Shares of software outfit BTRS Holdings (BTRS) -- better known as Billtrust -- were up by 13% as of 11:59 a.m. EST Monday. Its shares have been steadily on the decline since the SPAC merger that brought the company public in January. However, an analyst at JPMorgan Chase (JPM -0.26%) recently rated the stock a buy and put a price target of $15 on it -- implying some 60% upside from where it's trading now.
Billtrust provides cloud-based software for billing and payments, helping its customers save time and money compared to traditional invoicing and check-acceptance methods. The company reported 27% year-over-year revenue growth in its software and payments business in Q2 2021 to $24.6 million. But with a market cap of upwards of $2.5 billion earlier this year, expectations were high for Billtrust.
To boost its long-term prospects, last month, it acquired Belgium-based business-to-business digital payments specialist iController for $58 million. That will give Billtrust a larger presence in Europe, and help support its efforts to expand its gross profits by a percentage in the high 10% to low 20% range in the coming year.

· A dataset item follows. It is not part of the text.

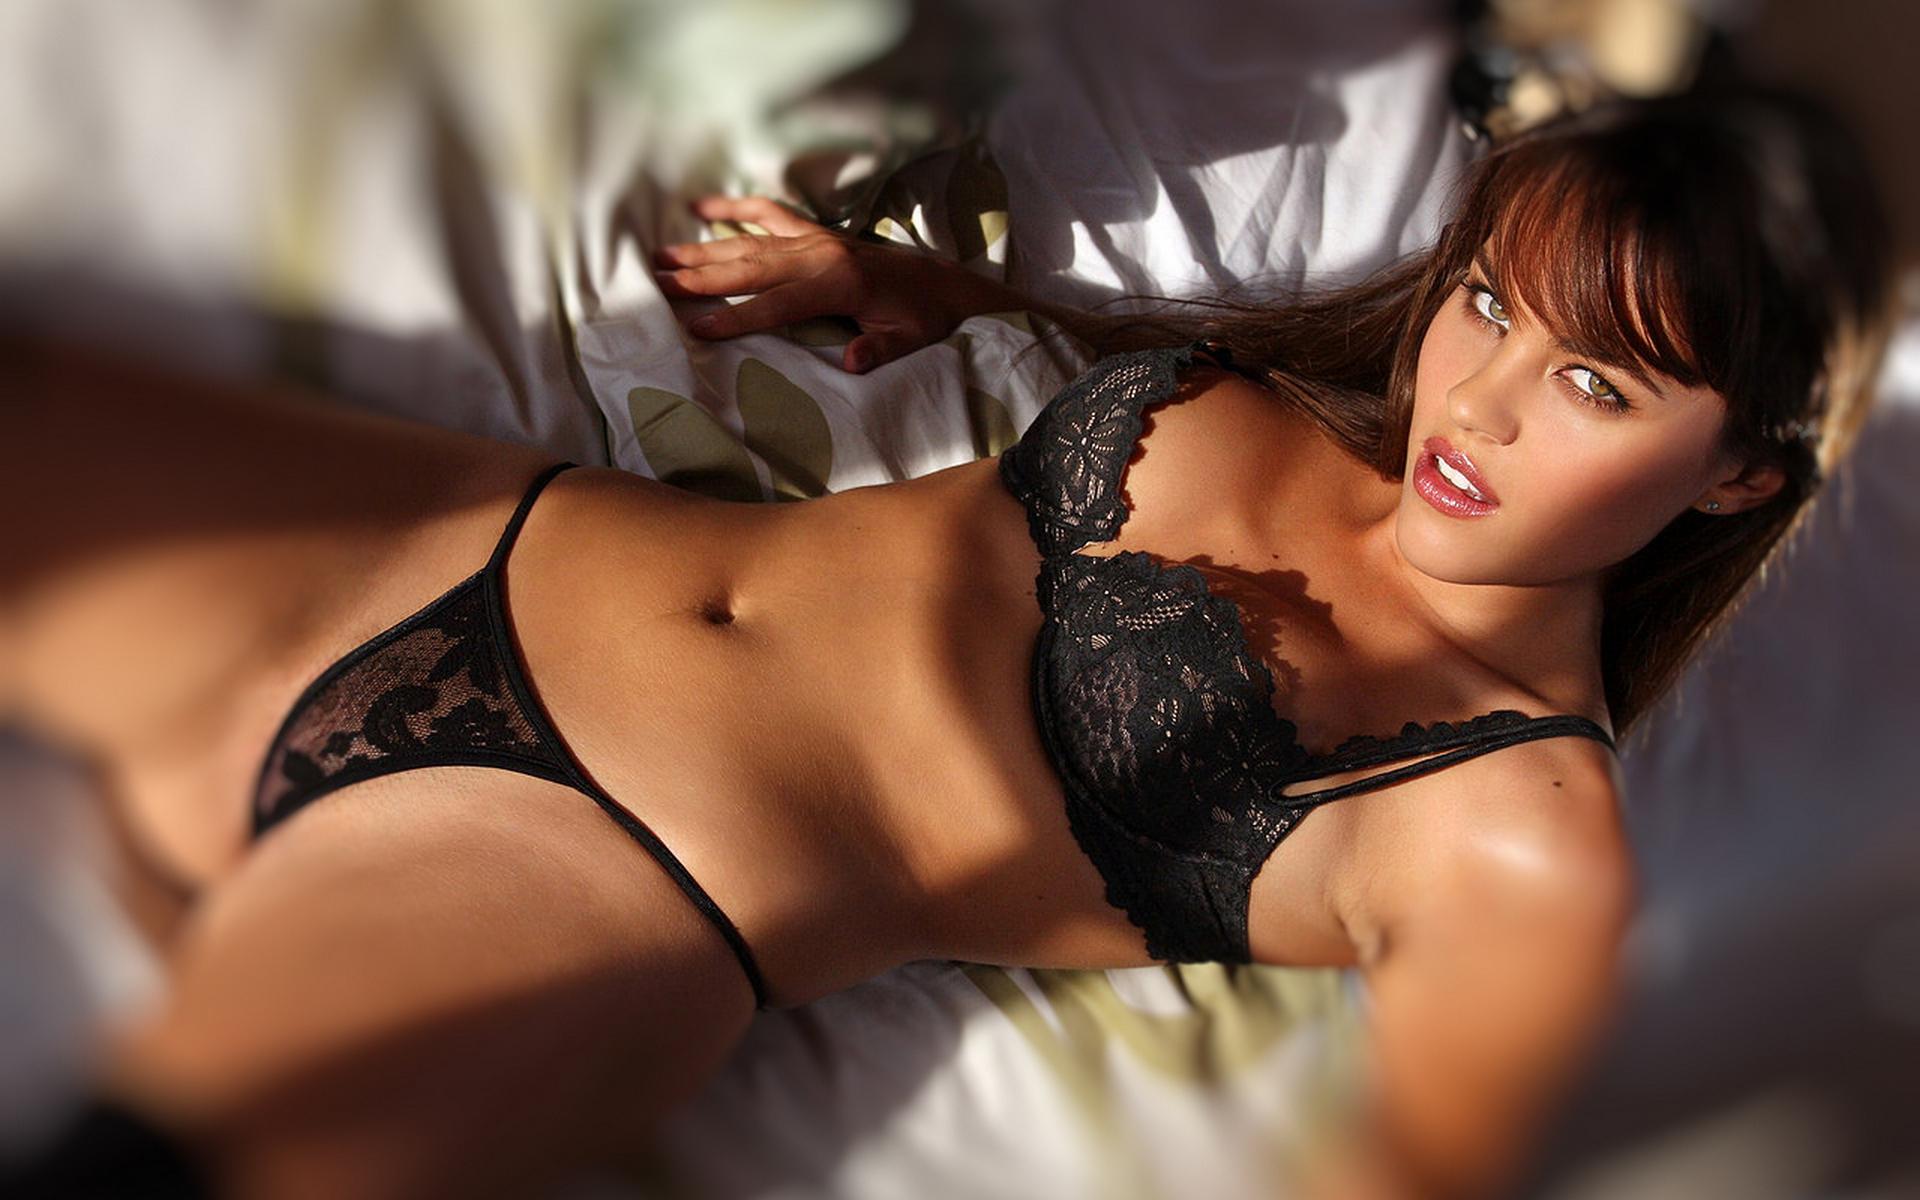 yaoi-sex-women-sexy-video-adore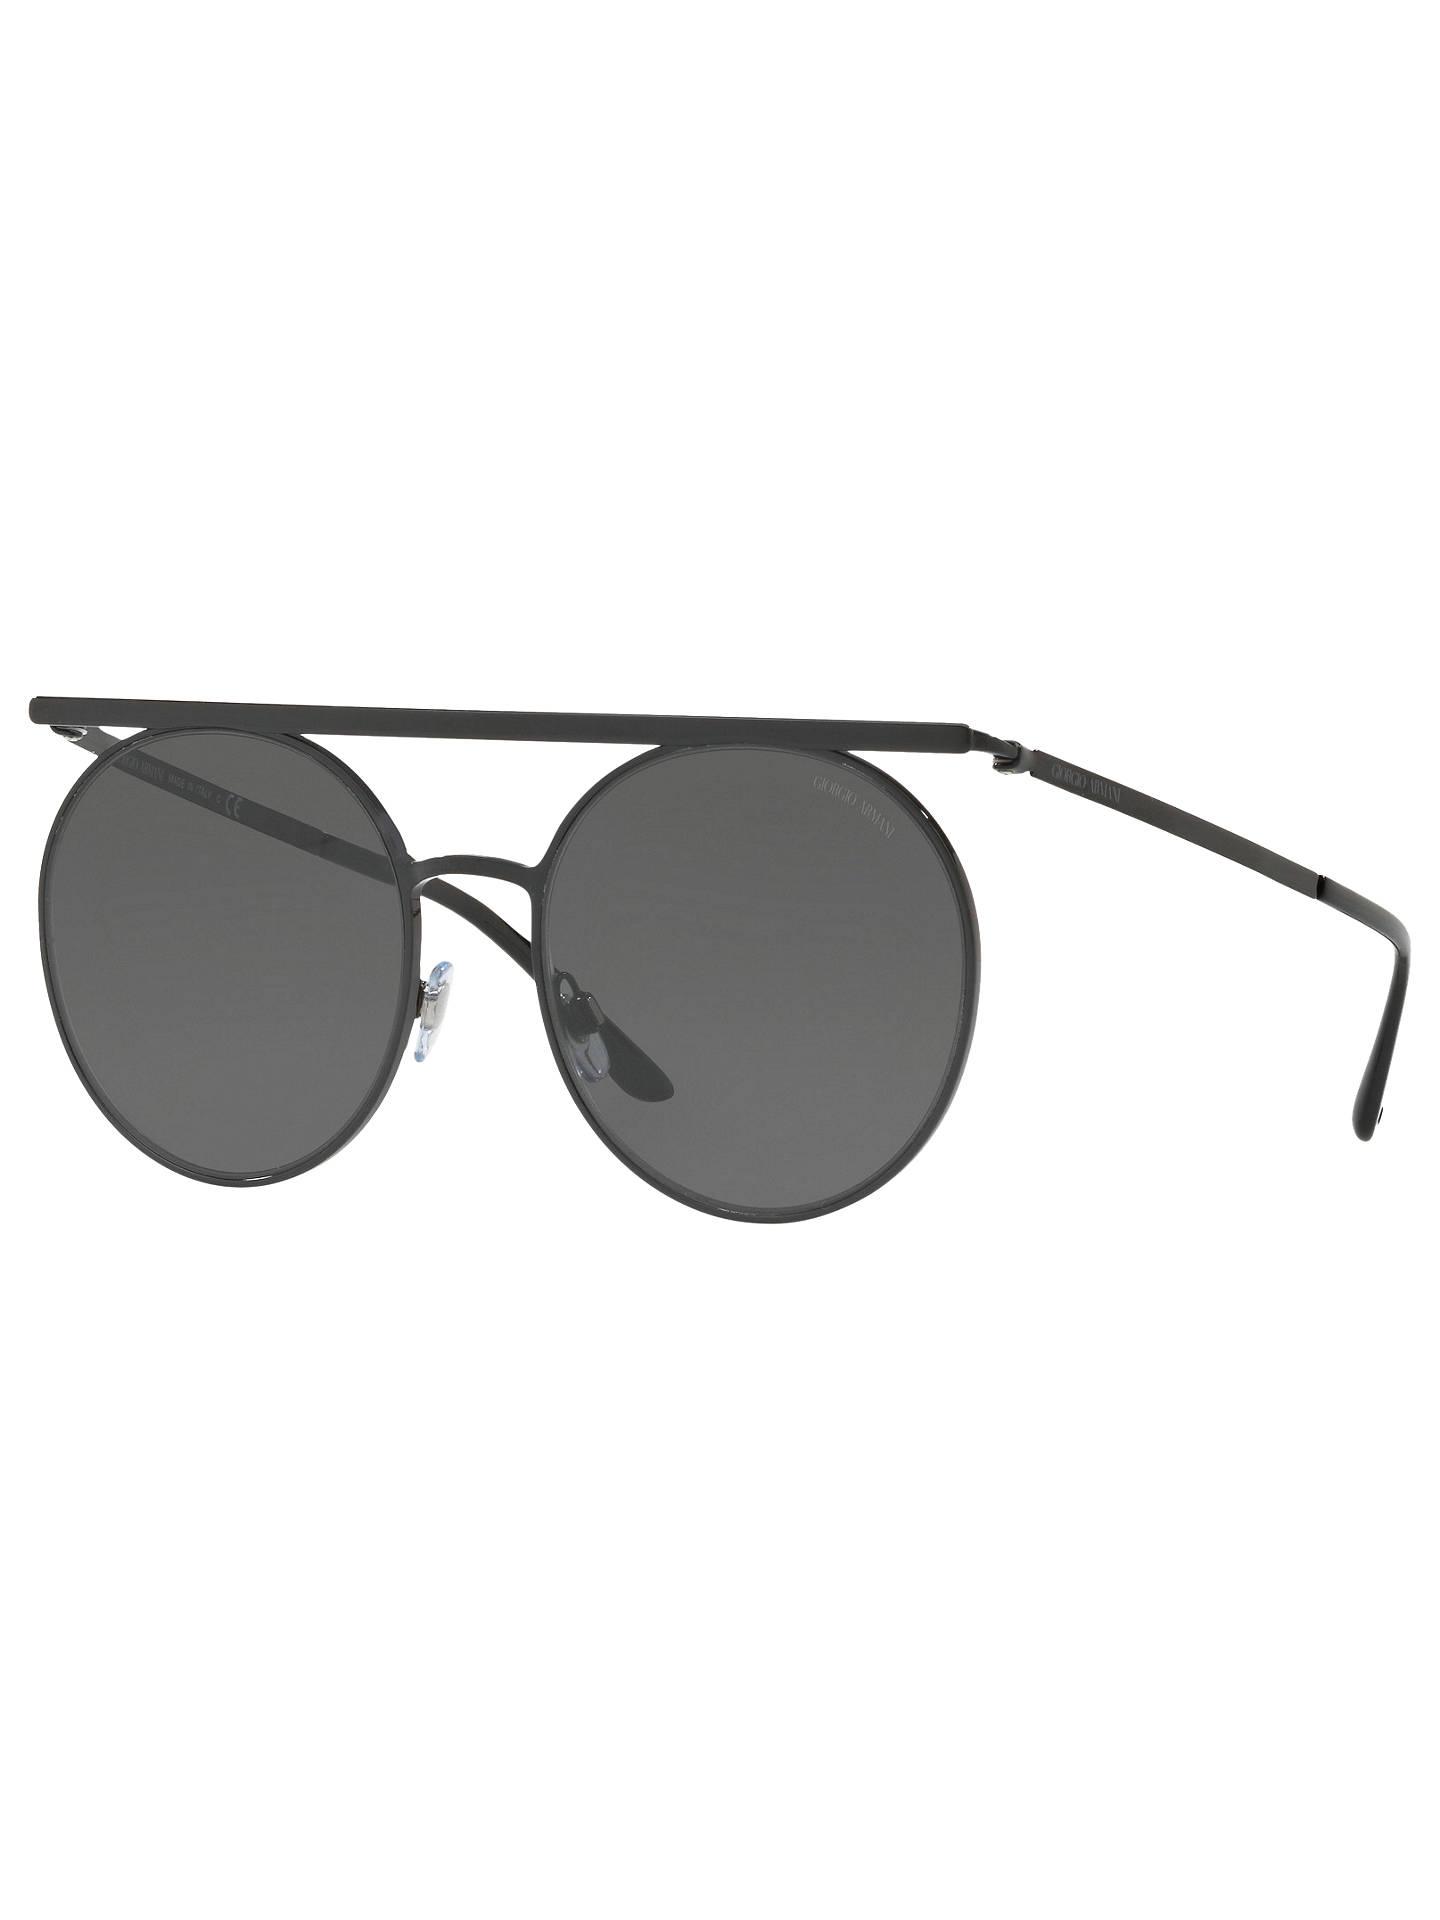 46cf2556b9 Buy Giorgio Armani AR6069 Round Sunglasses

Billtrust will deliver its third-quarter report on Wednesday. Management previously said to expect net revenue of $128 million at the midpoint of guidance for full-year 2021, which represents an 18% increase over 2020. Adjusted gross profit margin should be in the 70% to 71% range, although adjusted EBITDA (earnings before interest, tax, depreciation, and amortization) will likely be a loss of between $14 million and $16 million.
Currently, Billtrust stock trades for just under 12 times expected 2021 sales, giving it a market cap of $1.5 billion. At that level, it's not exactly a cheap software stock. However, if it can continue growing at a double-digit percentage pace and make further progress toward profitability, it could be a long-term value in the greater digital payments and software-based bill management space.